Adverse drug reactions (ADRs) caused by opioid drugs show individual differences. Our objective was to explore the association between gene polymorphism and ADRs induced by opioid drugs.

Methods

Evidence-based medical data analysis was conducted for genes related to ADRs induced by opioid drugs to select target genes. Sixty patients with cancer pain who had ADRs after taking opioid drugs (morphine, codeine, oxycodone) and 60 patients without ADRs after taking opioid drugs were used as the experimental group and control group, respectively. Then, we used polymerase chain reaction (PCR) or in situ hybridization to detect target genes. By combining with clinical data such as age, sex, dosage and duration of medication, the effect of gene polymorphism on the ADR of patients after taking opioid drugs was statistically analysed.

Results

Based on a database search and evidence-based medical data, we identified CYP2D6*10, CYP3A5*3, ABCB1, and OPRM1 as target genes for detection. The results of statistical analysis showed no significant difference in genotype distribution between the experimental group and the control group (p > 0.05). However, if 32 patients with ADRs after taking oxycodone and 32 controls were selected for comparison, the SPSS22.0 and SNPStats genetic models showed that the ABCB1 (062rs1045642) CT and TT genotypes correlated with the occurrence of ADRs (p < 0.05): the total number of CT + TT genotypes in the experimental group was 29 (90.62%), with 11 (34.37%) CT + TT genotypes types in the control group.

Conclusion

Polymorphism of ABCB1 (062rs1045642) is related to ADRs caused by oxycodone, and the incidence of ADRs is higher with the allele T. Polymorphism of ABCB1 is expected to become a clinical predictor of ADRs to oxycodone, and attention should be given to the occurrence of serious ADRs in patients with ABCB1 (062rs1045642) CT and TT genotypes.

Peer Review reports

Opioid analgesics are currently the main treatment for moderate to severe pain. However, individual differences in reactions to these drugs are large, often including nausea, vomiting, lethargy, constipation and addiction, and even respiratory inhibition (RD) and other ADRs. In addition to some cases of drug abuse, the occurrence of the above ADRs is more related to the individual heterogeneity of patients, such as gene polymorphism [1]. At present, it is believed that the genes related to opioid pharmacokinetics and pharmacodynamics include μ opioid receptor (OPRM1) (A118G), catechol-O-methyltransferase (COMT), CYP2D6, CYP3A4*1G, CYP3A5*3, ATP-binding cassette transporter (ABCB1); other gene polymorphisms may also be related to the effective analgesic dose of opioids, drug abuse and ADRs. However, the current main problem is that although there are preliminary studies on the correlation between gene polymorphisms and ADRs, there is a lack of high-quality and large-standard clinical research; research to date is mainly on postoperative analgesia patients, and there are some contradictory conclusions [2]. Therefore, the main objective of our study was to determine the correlation between gene polymorphisms (SNPs) and the ADRs caused by opioid drugs used by cancer pain patients and to explain differences in ADRs to opioid drugs among individuals from a genetic perspective, which is helpful to guide individualized clinical drug use [3].

Methods

Design and setting

The study was conducted at a 1400-bed tertiary university teaching hospital. This study was approved by the institutional review board of our hospital and complied with the Helsinki Declaration. Each patient provided written consent for study participation before enrolment. The patients were hospitalized from January to December 2022. Sixty patients with cancer pain who had ADRs after taking opioid drugs (morphine, codeine, oxycodone) and 60 patients without ADRs after taking opioid drugs were used as the experimental group and control group, respectively.

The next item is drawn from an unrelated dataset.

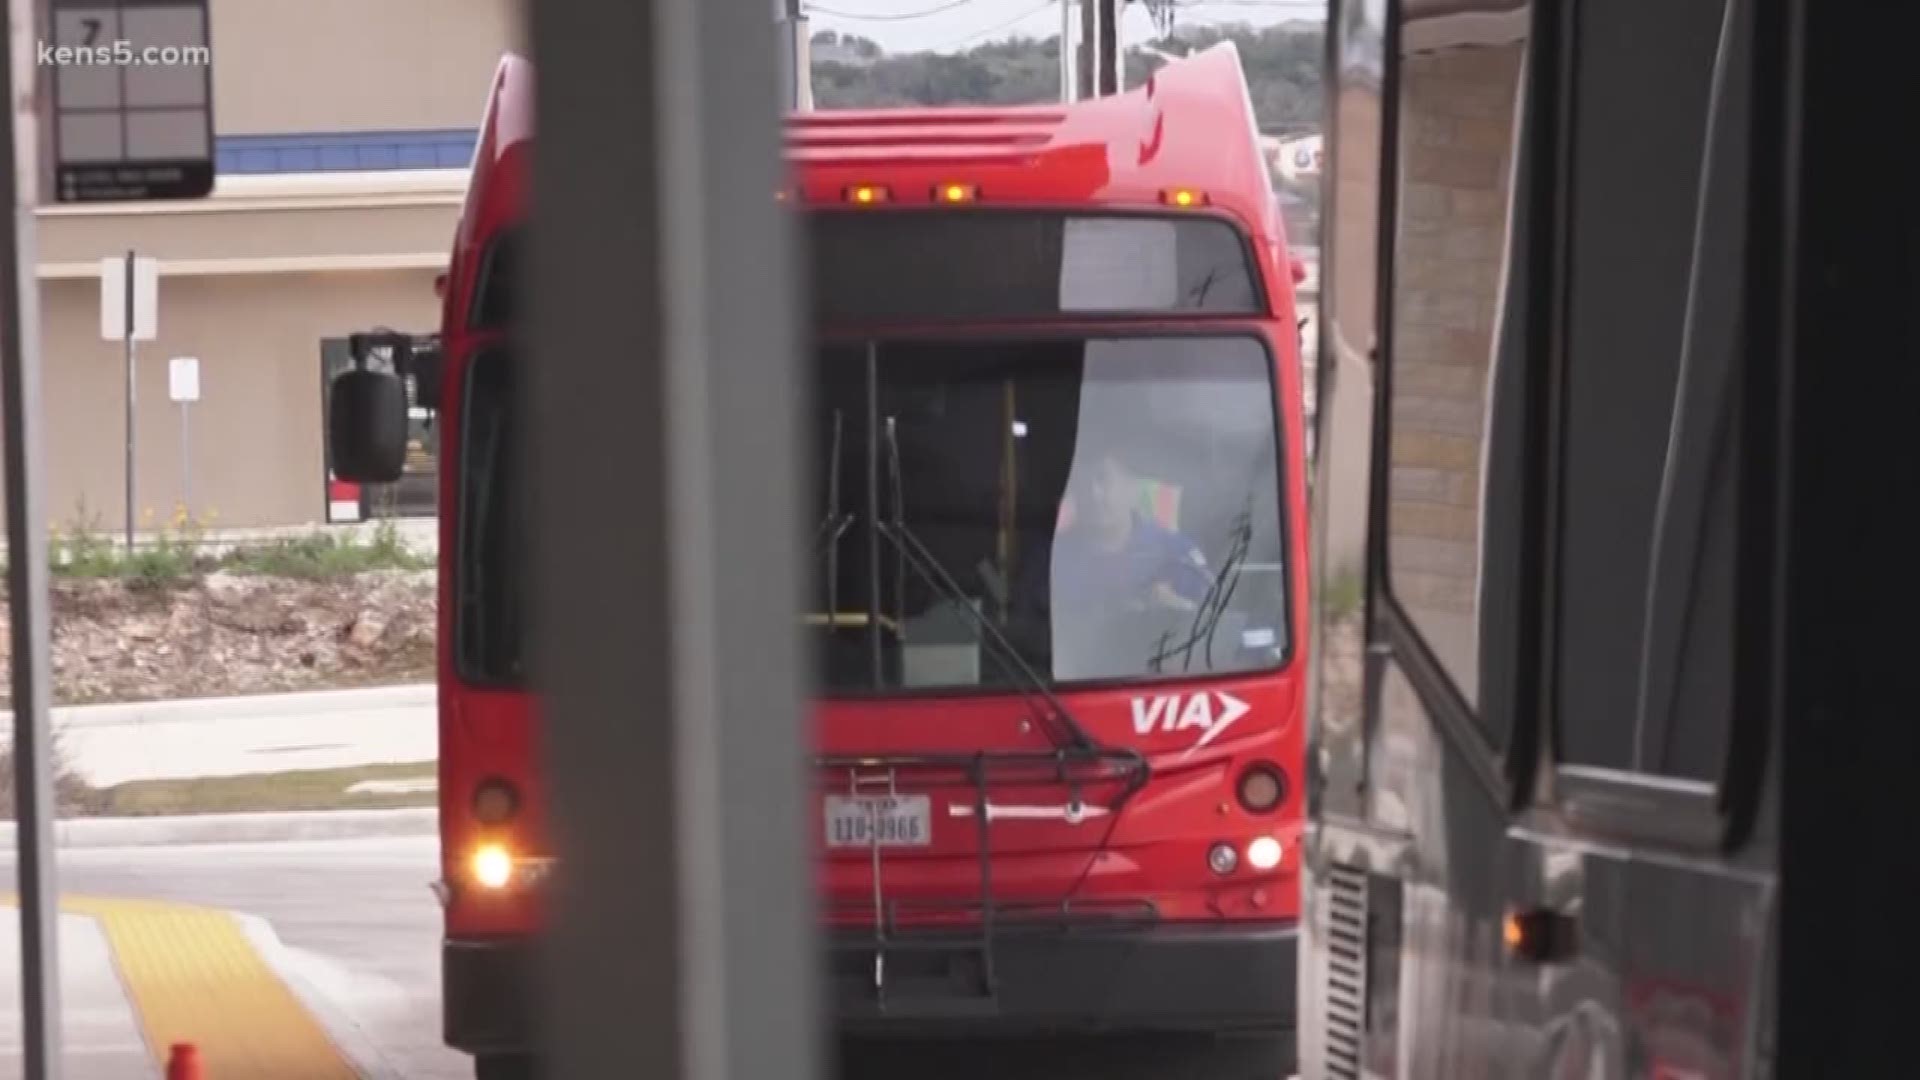 Thanks to a new partnership with VIA Metropolitan Transit, University of Texas at San Antonio students no longer have to worry about transportation. Starting this fall, VIA will offer Roadrunners free bus passes to transport them between campuses.

Screening candidate test genes

We searched the release guidelines of the Dutch Pharmacology Working Group (DPWG) and Clinical Pharmacology Implementation Consortium (CPIC), pharmacogenetics (PharmaGKB, FDA, NCCN and OncoKB), PubMed, and Chinese literature (CNKI, Wanfang, China Biomedical Literature Database (CBM)) databases to collect gene loci that may be related to reported adverse reactions of opioid drugs. Then, we preliminarily summarized and analysed the relevant gene loci, determined the recommended level (ABCD level) with reference to CPIC, and carried out gene detection for the target population.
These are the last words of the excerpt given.